Содержимое стека и регистров при старте процесса Win32

Собственно subj.



Я понимаю, что в стеке адрес возврата в kernel32.dll(откуда и передается управление стартующему процессу), спроецированной на адресное пространство процесса , SEH-фрейм.



А что полезного оказывается при старте процесса в esi, edi, ebx? Их же вместе с ebp не рекомендуется менять в ассемберном коде...

 

Их же вместе с ebp не рекомендуется менять в ассемберном коде...



Можно всё!!! Их рекомендуют использовать до API вызовов и после, так как по стандарту Windows и UNIX функции общего назначения могут изменять только eax, ecx, edx, остальные регистры должны быть восстановлены после изменения.



А что полезного оказывается при старте процесса в esi, edi, ebx?



Я тоже хотел бы знать, но ведь в инете наверняка есть инфа.

 

мусорные данные

 

мусорные данные

Если бы... Тогда почему ebx (=7FFDF000h) имеет одно и то же значение при старте процесса, а esi, edi = 0?

 

И какую же пользу можно извлечь из нуля?
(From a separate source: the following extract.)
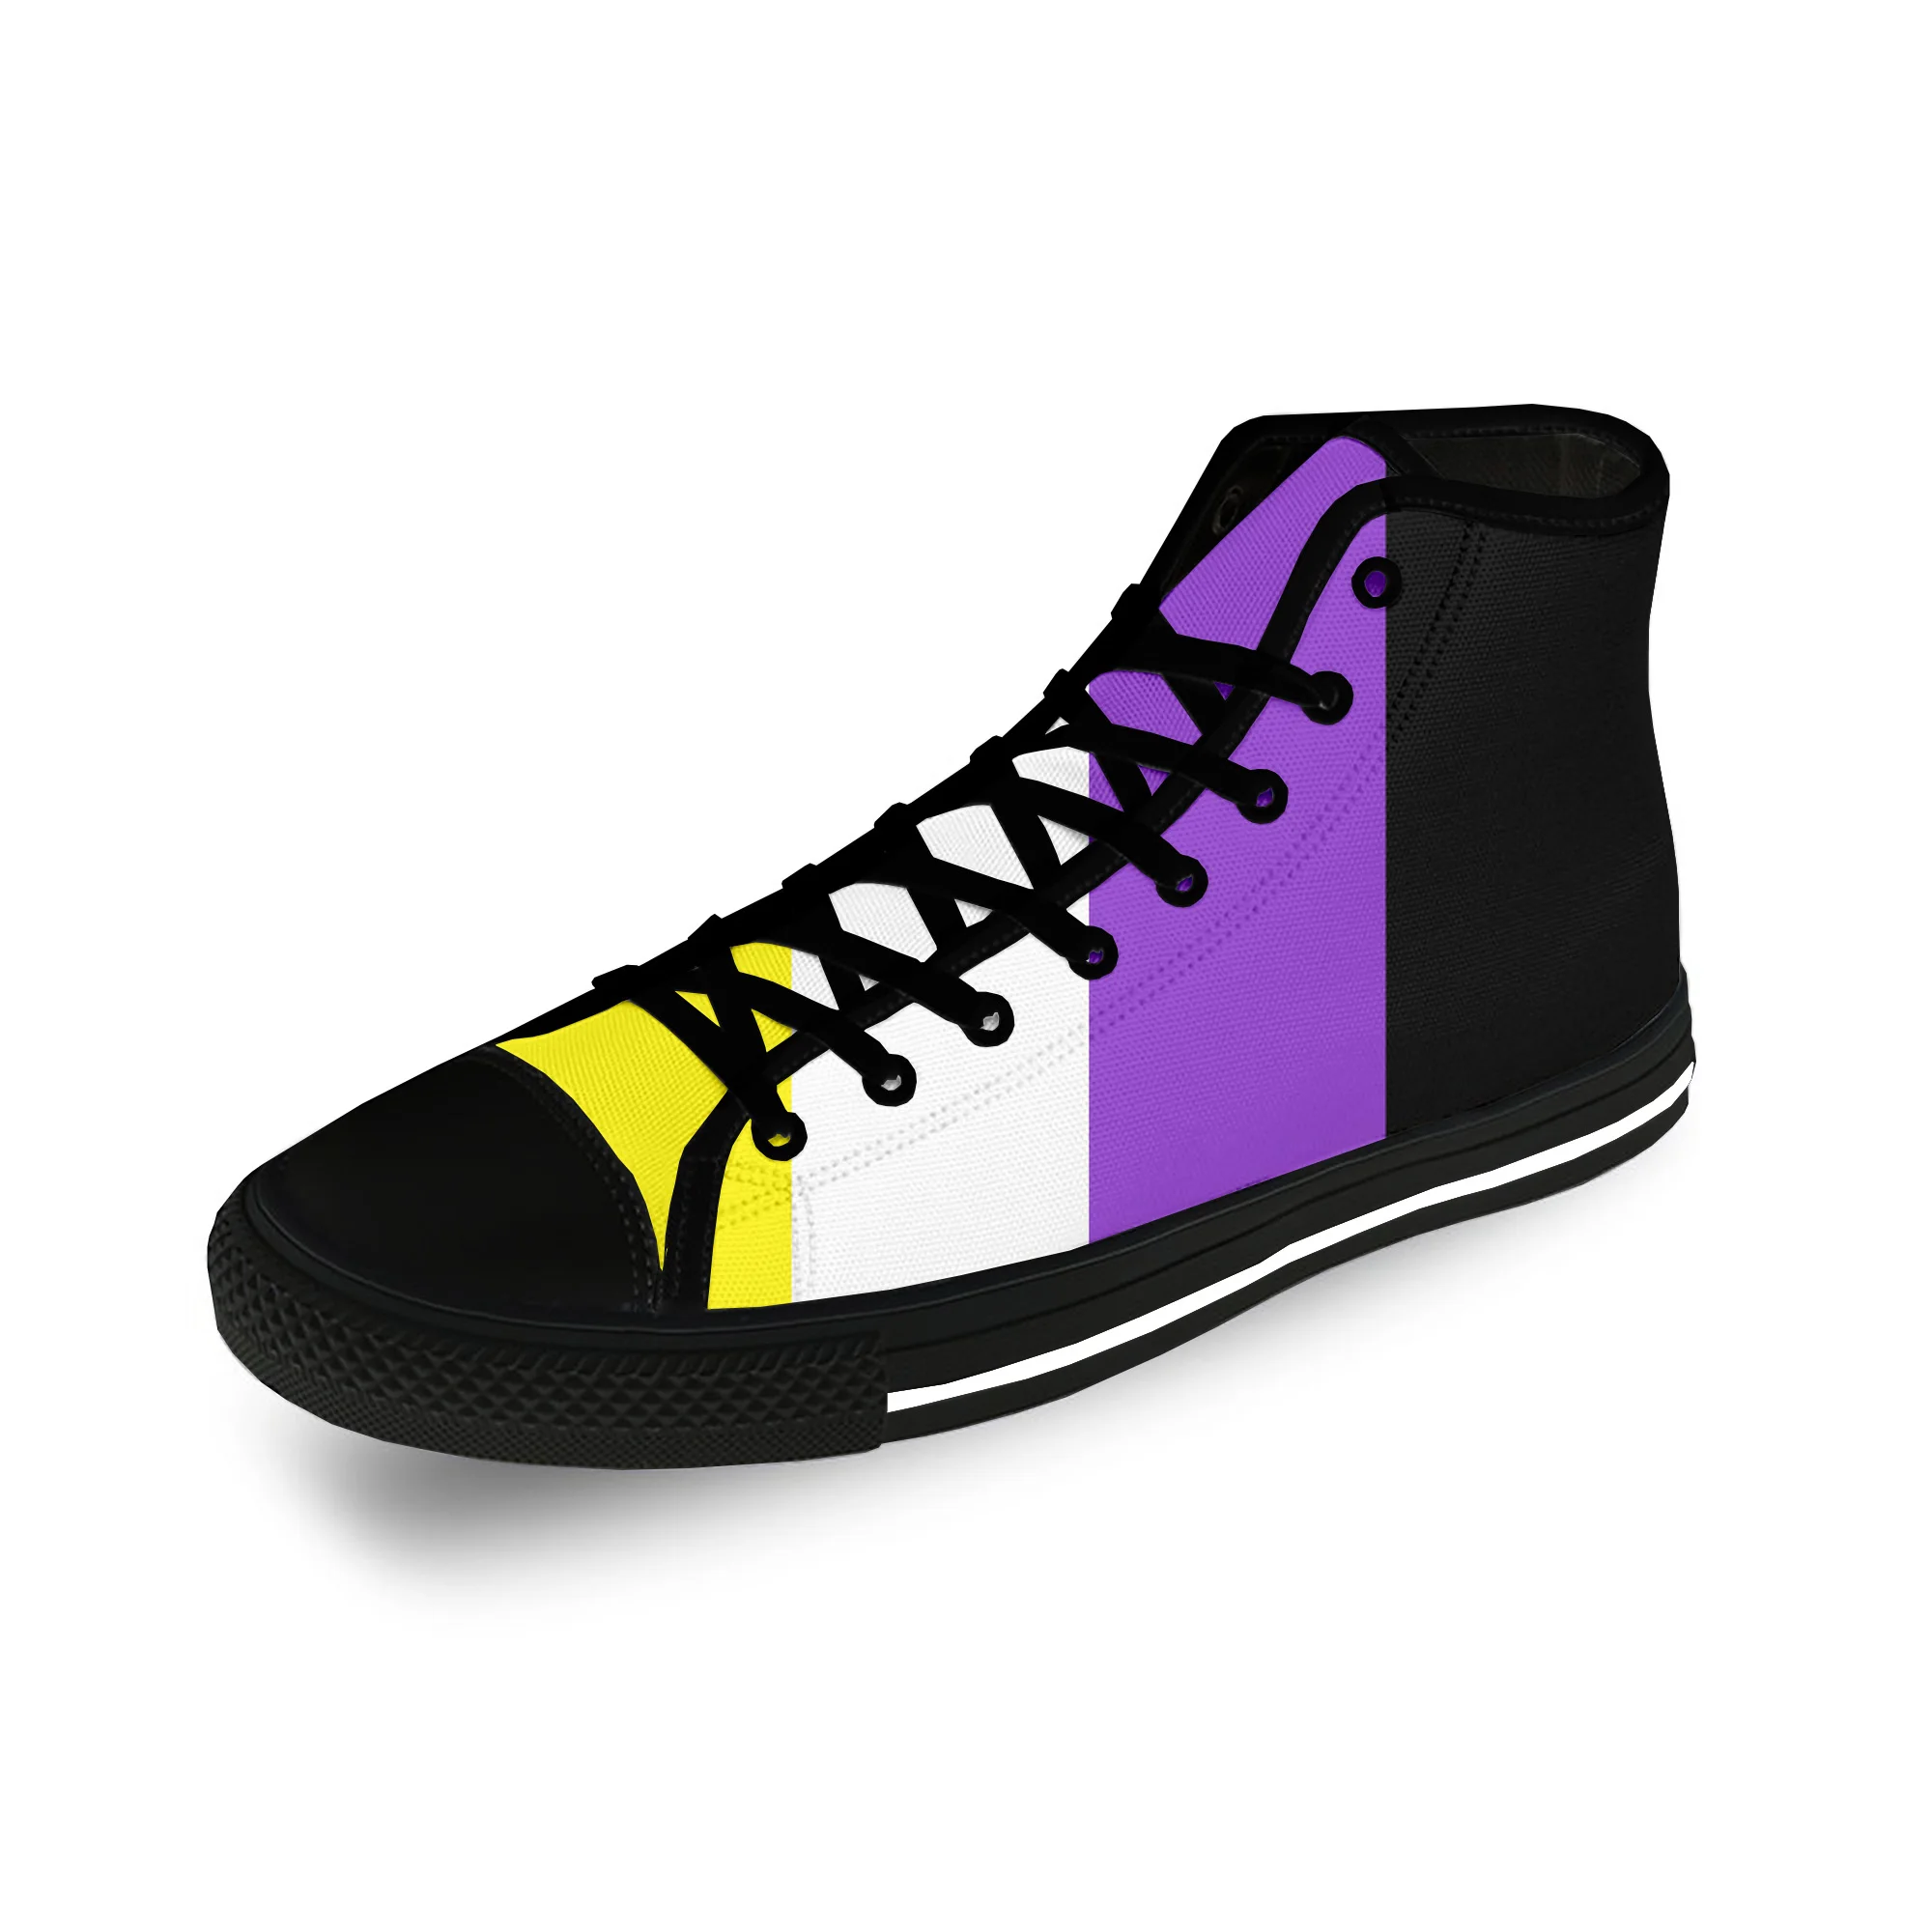 Non binary Flag Enby Pride Funny Casual Cloth Fashion 3D Print High Top Canvas Shoes Men Women Lightweight Breathable Sneakers poland polish flag patriotic pride fashion funny casual cloth shoes high top lightweight breathable 3d print men women sneakers
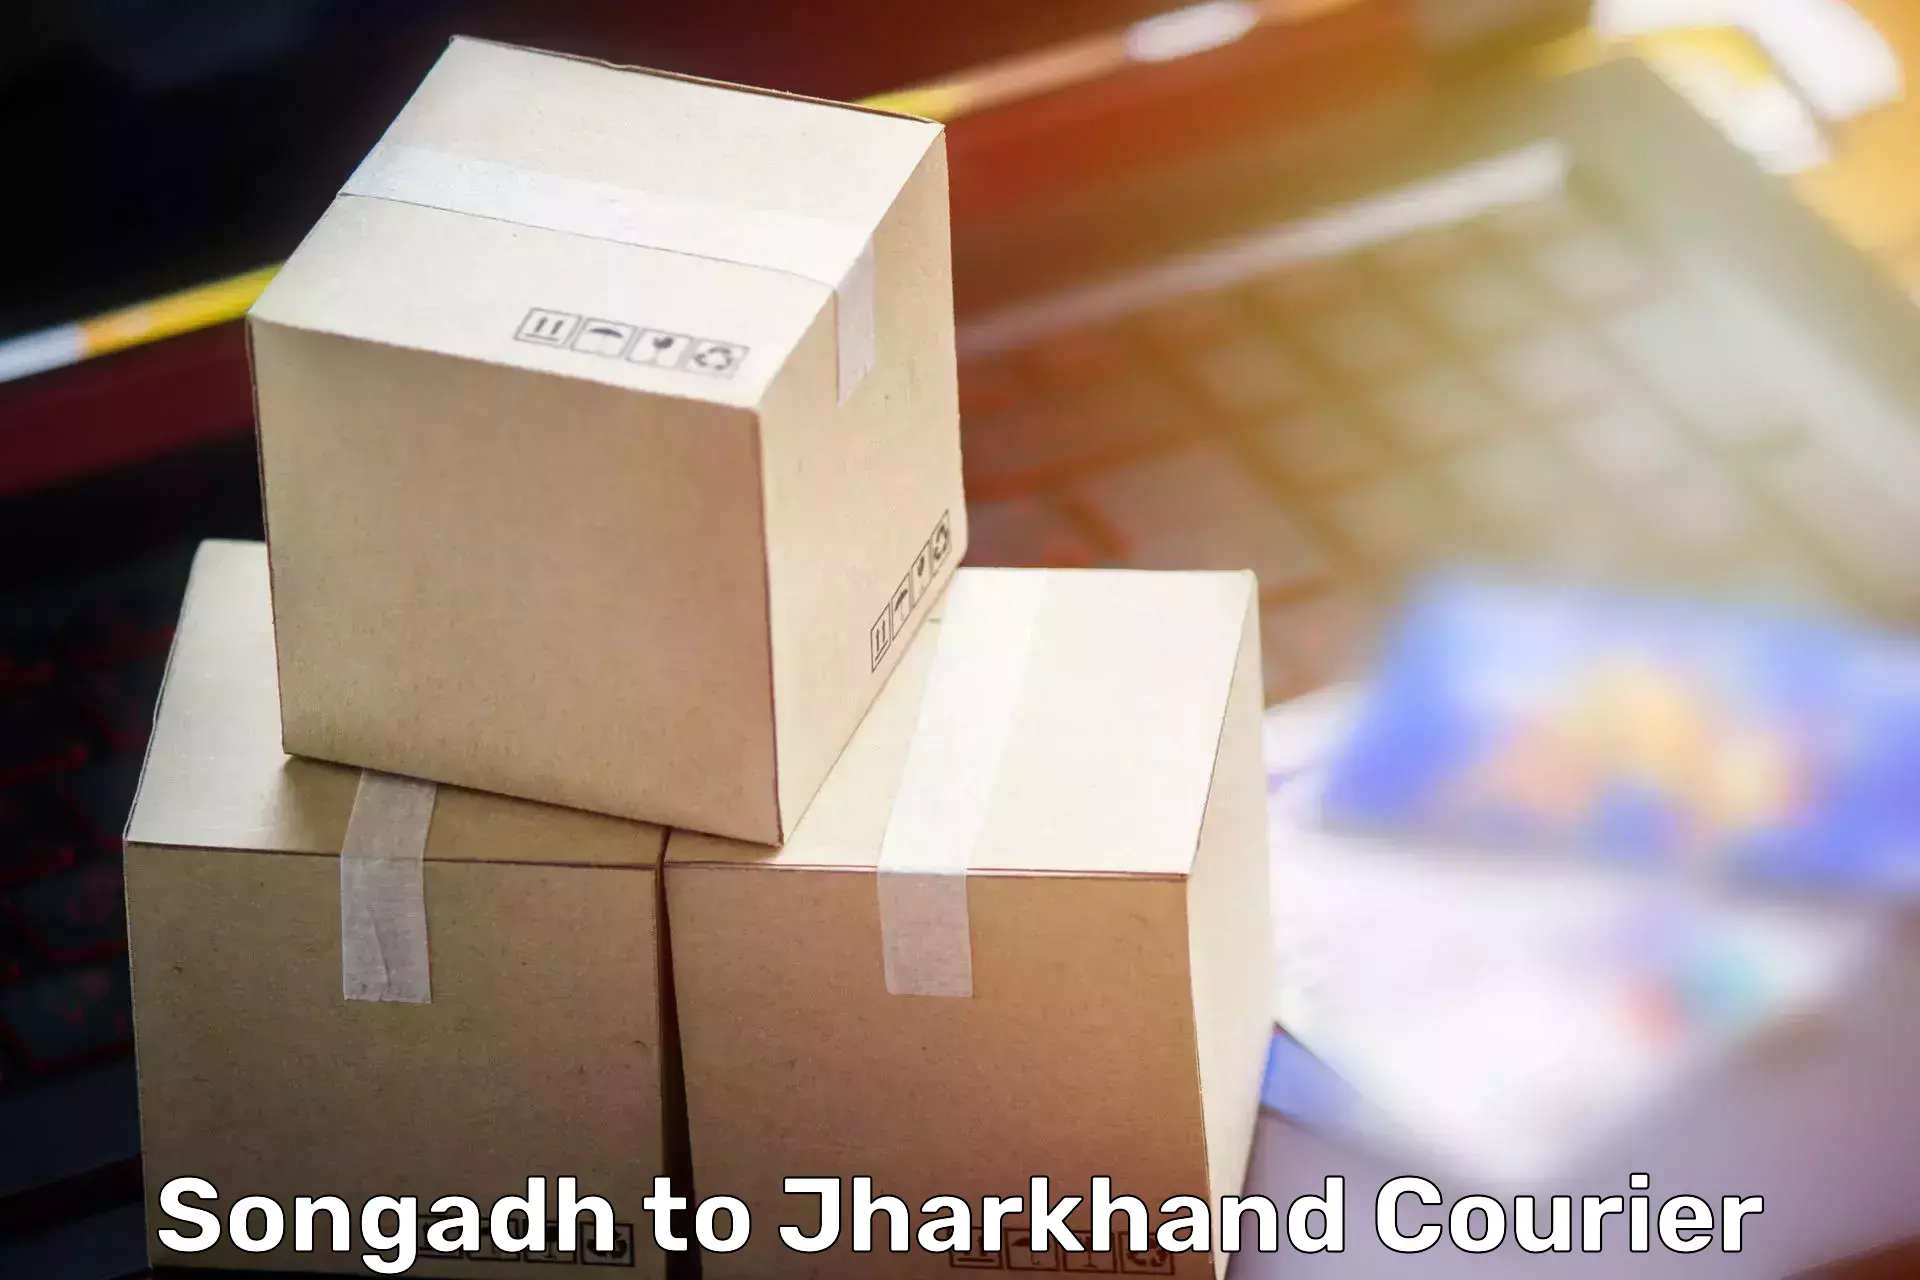 Moving and storage services Songadh to Jamshedpur

Или из 7FFDF000? К тому же esi например у меня не ноль, а 1.

 

И какую же пользу можно извлечь из нуля? - Отвечаешь вопросом на вопрос!!!



Что-то самого автора roman_k не слышно...

Пойду пиво ХЛОПНУ!

 

это не вопрос, это возражение против твоего мнения, что там не мусор. Самый обыкновенный мусор.

 

Ну и hren с этим мусором...

Меня это не сильно тревожит.

 

Ну положим ebx=7FFDF000h это не мусор, а указатель на PEB

Вот только, какую из этого "пользу" можно извлечь - не понятно

 

leo

Это наверно будет полезно roman_k'у, который сейчас играет на гитаре и пьёт коньяк

 

Вот потому и мусор, что пользы никакой

 

cresta

Да что ты такой упрямый. Человек leo

дело говорит! PEB очень даже понадобится для простой проверки находимся ли мы в отладчике или нет:



.CODE

Start:



.IF byte ptr [ebx + PEB.BeingDebugged] == 0

; Процесс не отлаживается

.ELSE

; Процесс запущен из под отладчика!!!

.ENDIF



;...



END Start

 

cresta

У меня к тебе такой вопрос:

Своим зависшим ответом "мусор" ты рейтинг хочишь себе повысить или ты действительно не веришь, - так сам попробуй юзанут этот код (выше).

 

На этом форуме никаких рейтингов нет, поэтому обвинять меня в повышении того, чего нет - бессмысленно.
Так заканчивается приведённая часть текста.